Access to legal knowledge is particularly challenging to information retrieval systems. Not only is legal knowledge usually expressed in linguistically complex forms, but it is also structurally sophisticated (e.g pieces of legislation applicable to a case, version in force of a legal document, other related sources). Modeling the collection of documents in such complex domains requires taking into account the semantic content of the documents as well as their relational structure since documents are usually related to each other by various types of links. In this paper we describe two approaches for modeling and querying a collection of interlinked legal documents. The first approach is based on Formal Concept Analysis and Relational Concept Analysis to model and query the collection of documents. The second approach uses semantic web techniques (RDF, OWL and SPARQL). Different types of relational queries are discussed.

Information Retrieval Linked documents Relational queries Formal Concept Analysis Relational Concept Analysis Ontology Semantic web

A collection of documents is usually represented as a set of documents. This is a very simplified view since in reality documents are get in a set of intertextual relations that condition their interpretation : a document should not be interpreted solely but with reference to the texts it cites, from which it derives or which derive from it. In the legal domain, documents are linked to each other with amendment, transposition, complementation, jurisprudence relations, etc. These links are not only made for documentary purposes. They also determine the legal validity of documents. For example, in French law, codification is the strong process of structuration of information and the links between documents must be explicitly expressed [ 1 ]. Consolidation requires that a legal act makes explicit reference to its successive amendements. Legal information access tools should take into account this complexity of legal material.

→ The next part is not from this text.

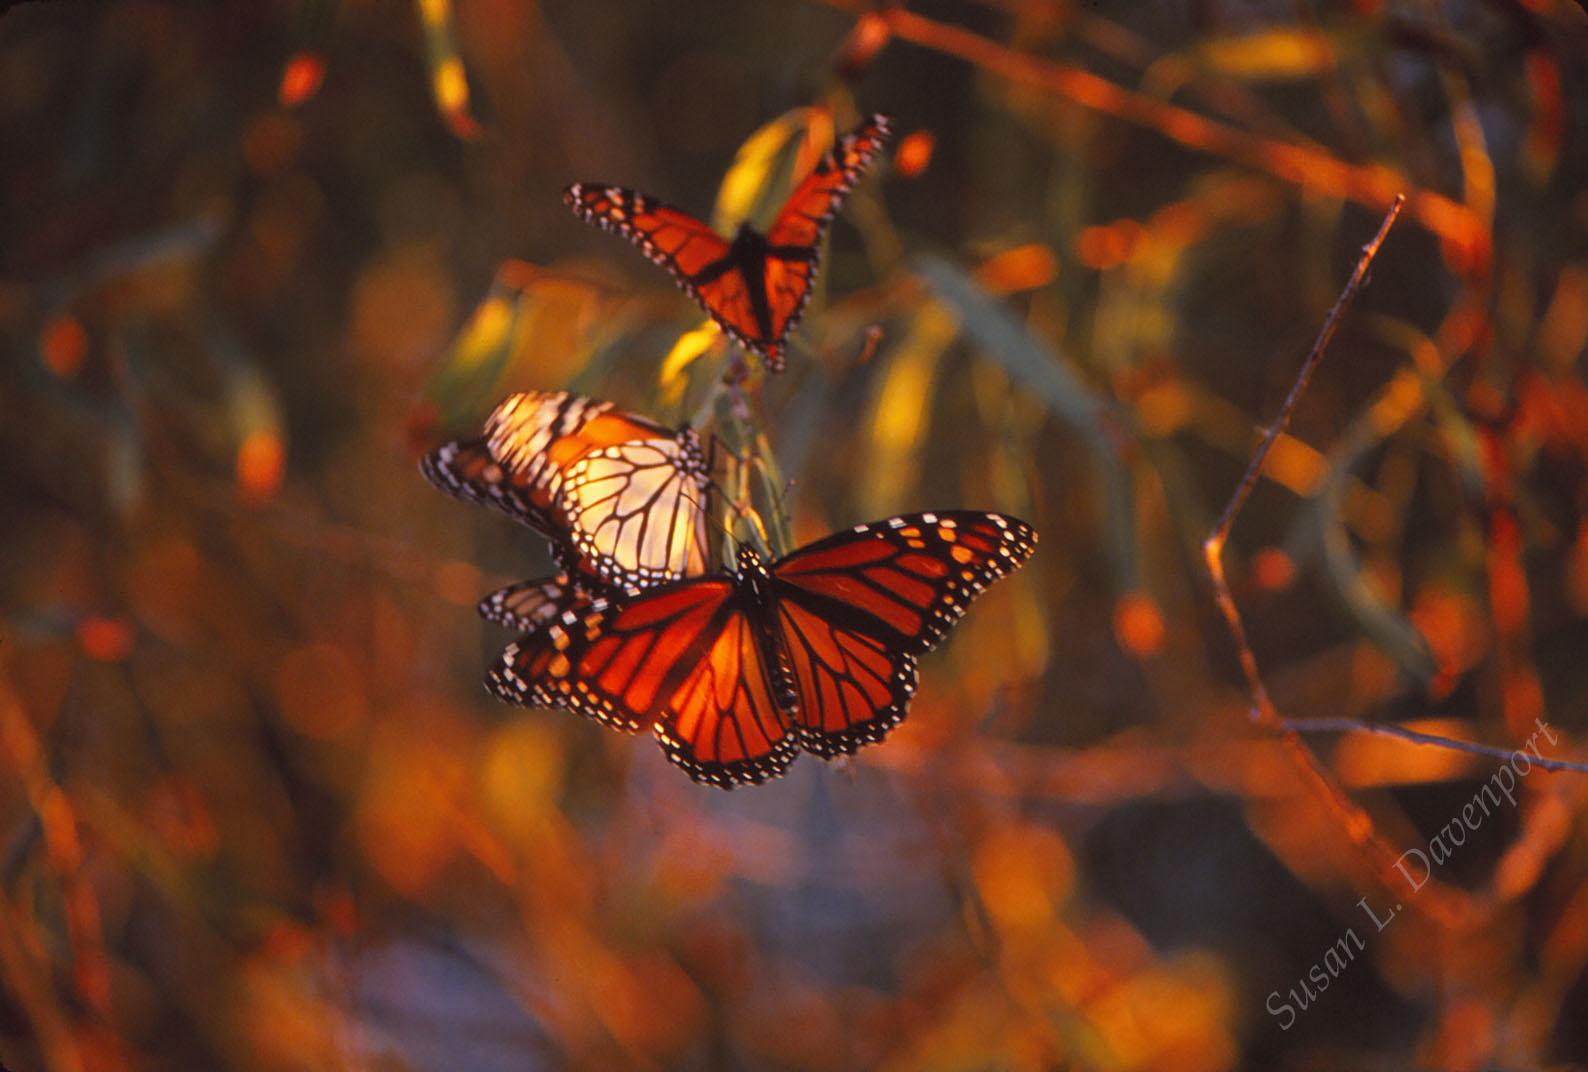 Monarch Migration, San Bernard Game Preserve - Photo by Susan L. Davenport

XML based standards have been defined to normalize the structure of legal texts, in order to facilitate the access and management of these data. The trend is to use those standards in the process of legal drafting so as to solve the interoperability issue, which usefulness is obvious. In parallel, open government data initiatives are increasing (e.g. UK Government Linked Data) and many legal information access portals offer querying and search features on this data. However, the data made available are often underused.

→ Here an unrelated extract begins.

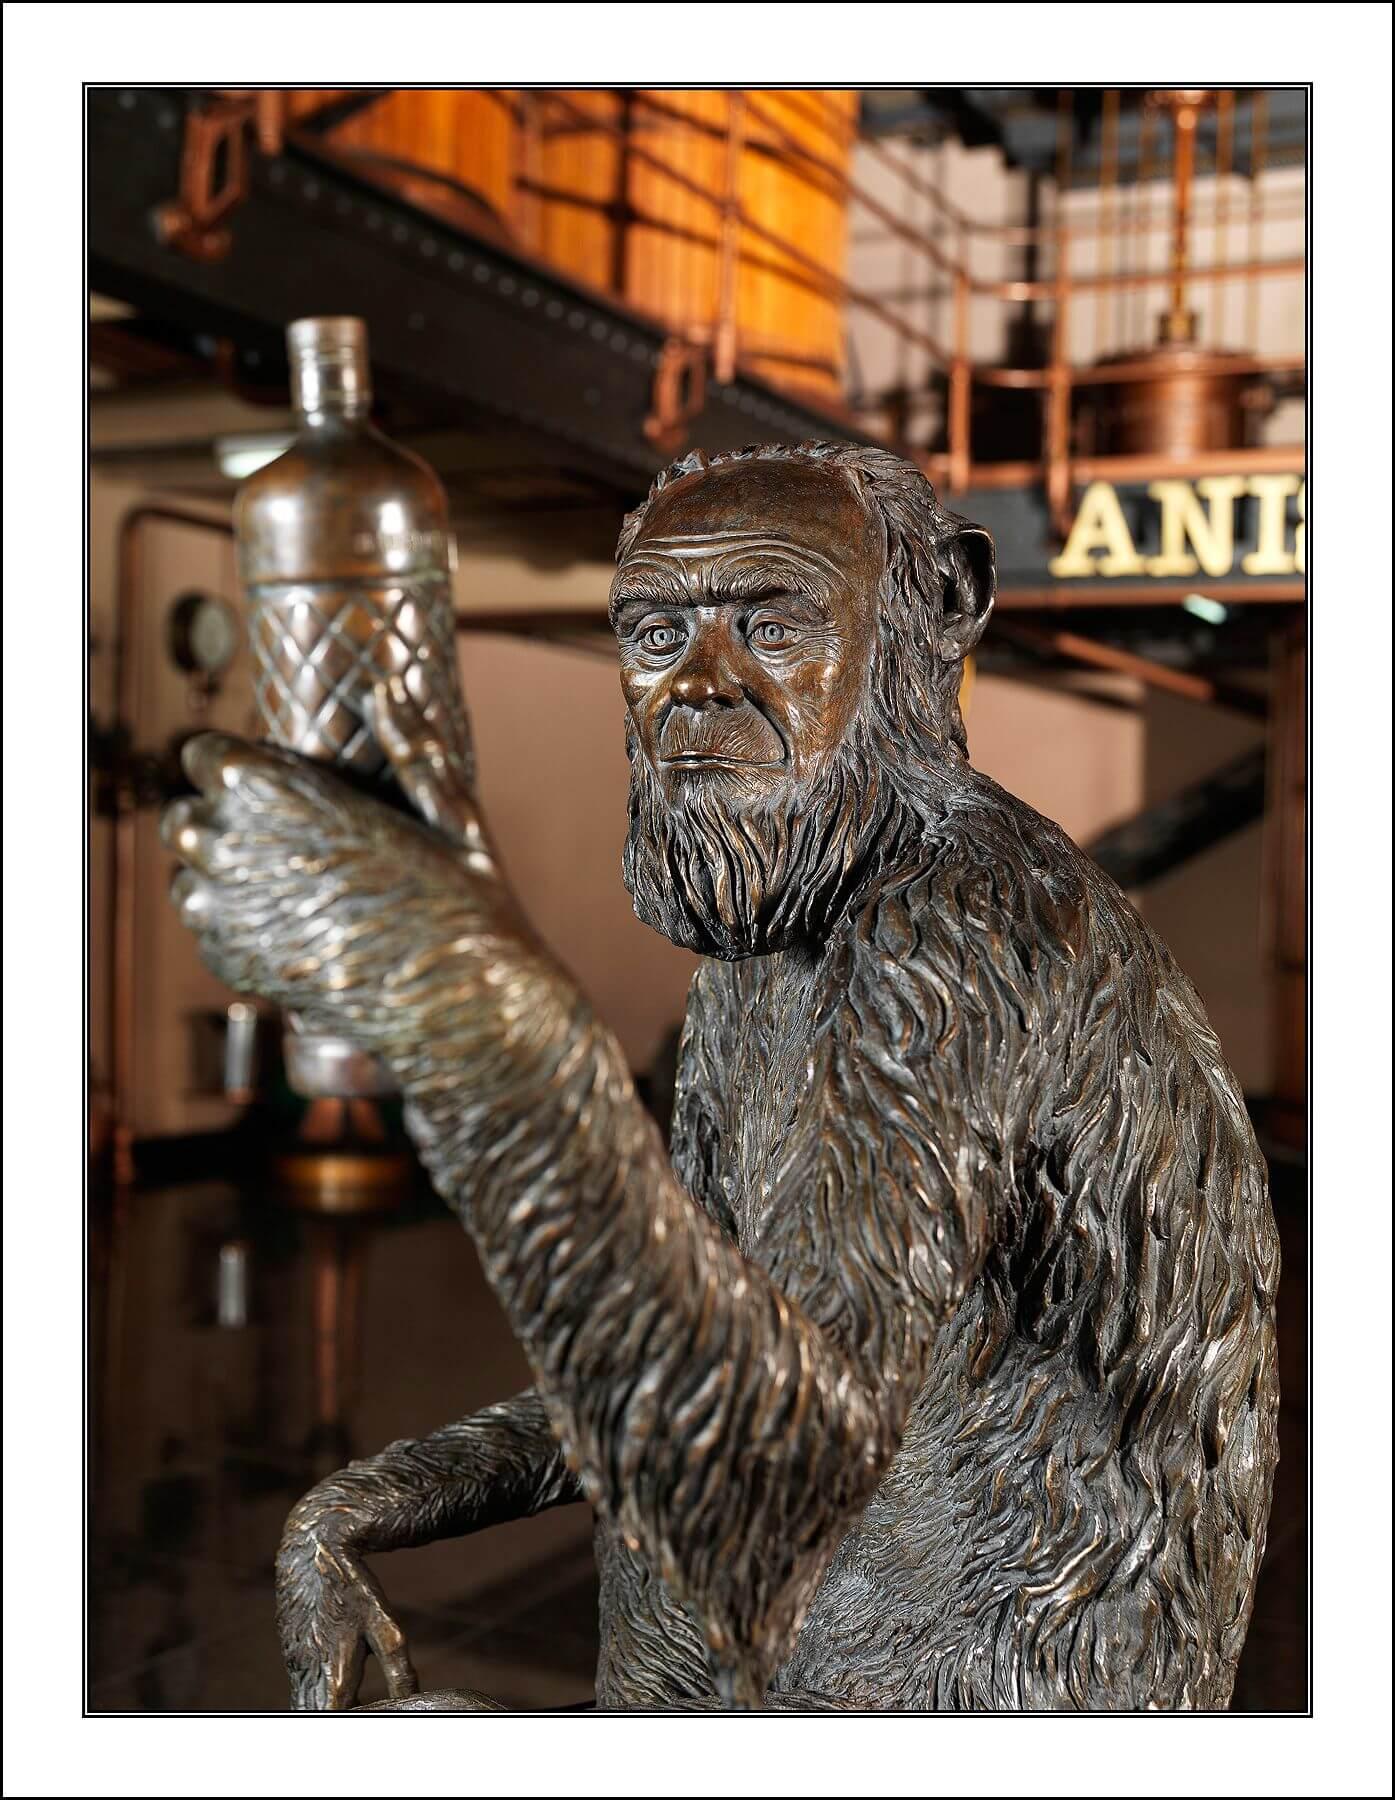 Estatua Anís del Mono en Badalona - 060712.jpg

Accessing such complex data, characterized by the extra abundance of cross references between legal texts (regulations, laws), requires a querying model integrating both semantic features and intertextual links. Our requirement analysis showed that the need for relational querying is critical from a legal point of view (”find by which texts a given order have been applied?”, ”what are the local texts that talk about noise that are valid at a given date?”, ”what are the texts that modify a given text?”).

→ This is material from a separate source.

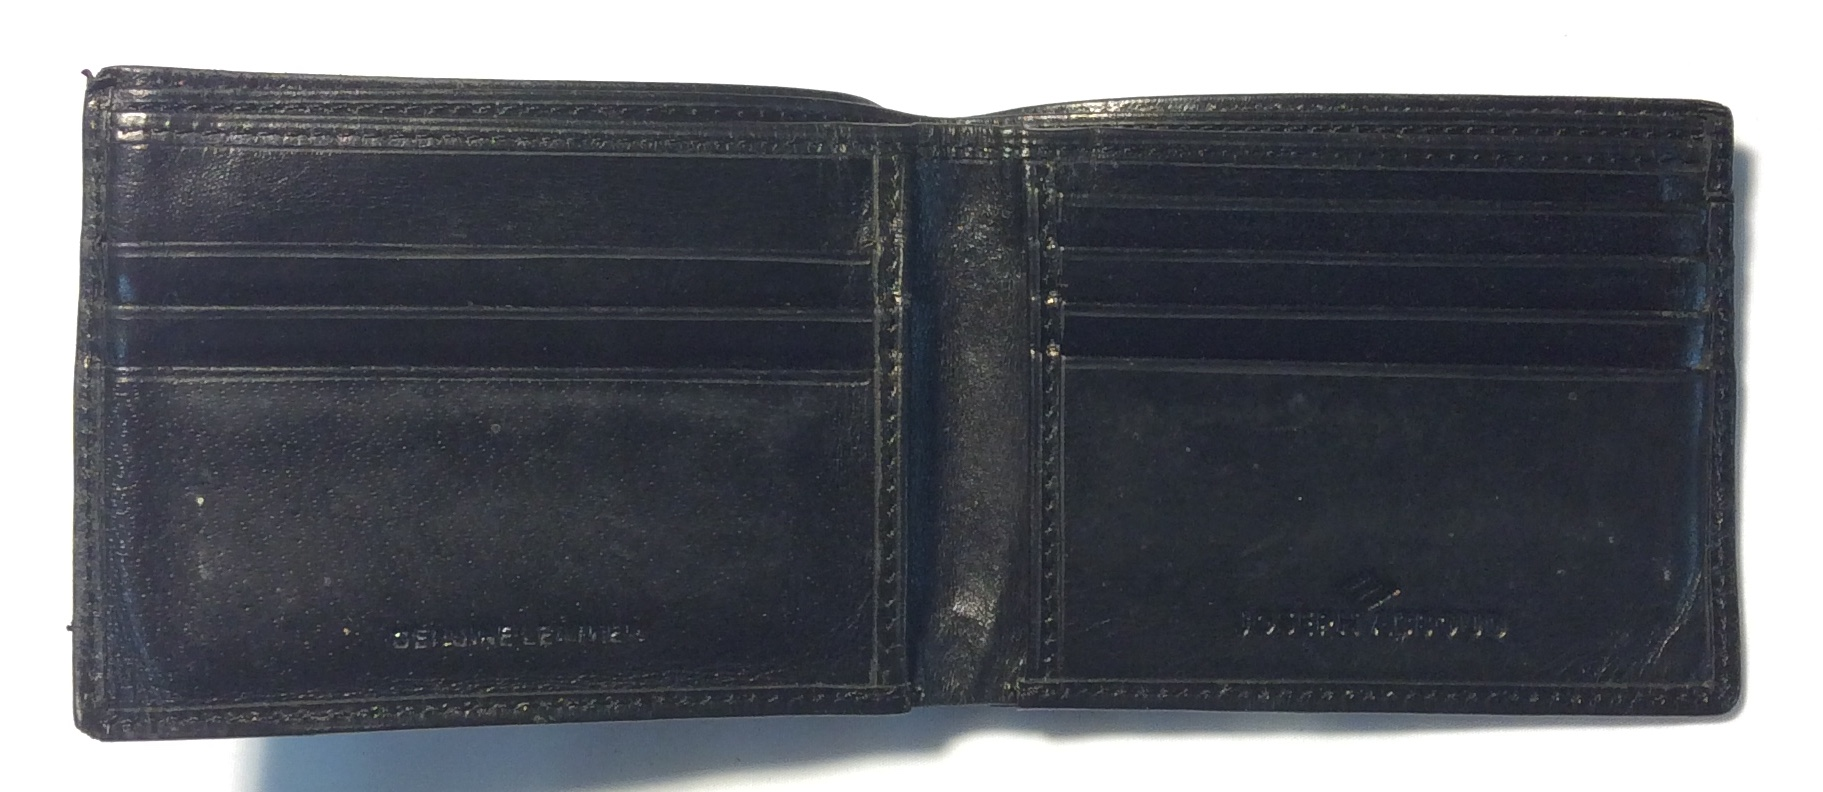 Joseph Abboud Black leather

In this work, we propose two approaches which allow representing and querying in a unified manner the semantic content of documents, their structure and their intertextual relations. The proposed approaches are based on Formal and Relational Concept Analysis (FCA, RCA), and on semantic web techniques applied to documentary objects.

The paper first reviews the existing solutions (Sec. 2) and explains the requirements for relational querying (Sec. 3). Sections 4.1 and 4.2 describe the proposed approaches and show how the collections and queries are modeled. Those approaches are finally discussed in Section 5. 2

Related Work

In most specialized domains, documents, such as regulations or laws in the legal domain, must not be interpreted in isolation but in relation with other documents, with which they form ”a collection of documents”. Legal documents are linked to each other through various types of relations (e.g. amendment, transposition, implementation, etc.) and these links often determine their legal validity. We define a collection as a set of documents with semantic descriptors, associated metadata and various types of semantic links between them. Law corresponds thus to a large and highly interconnected network of documents. IR systems should make full use of the afforded richness when processing such complex data, thus exploiting the links, the documents structure as well as their semantic content.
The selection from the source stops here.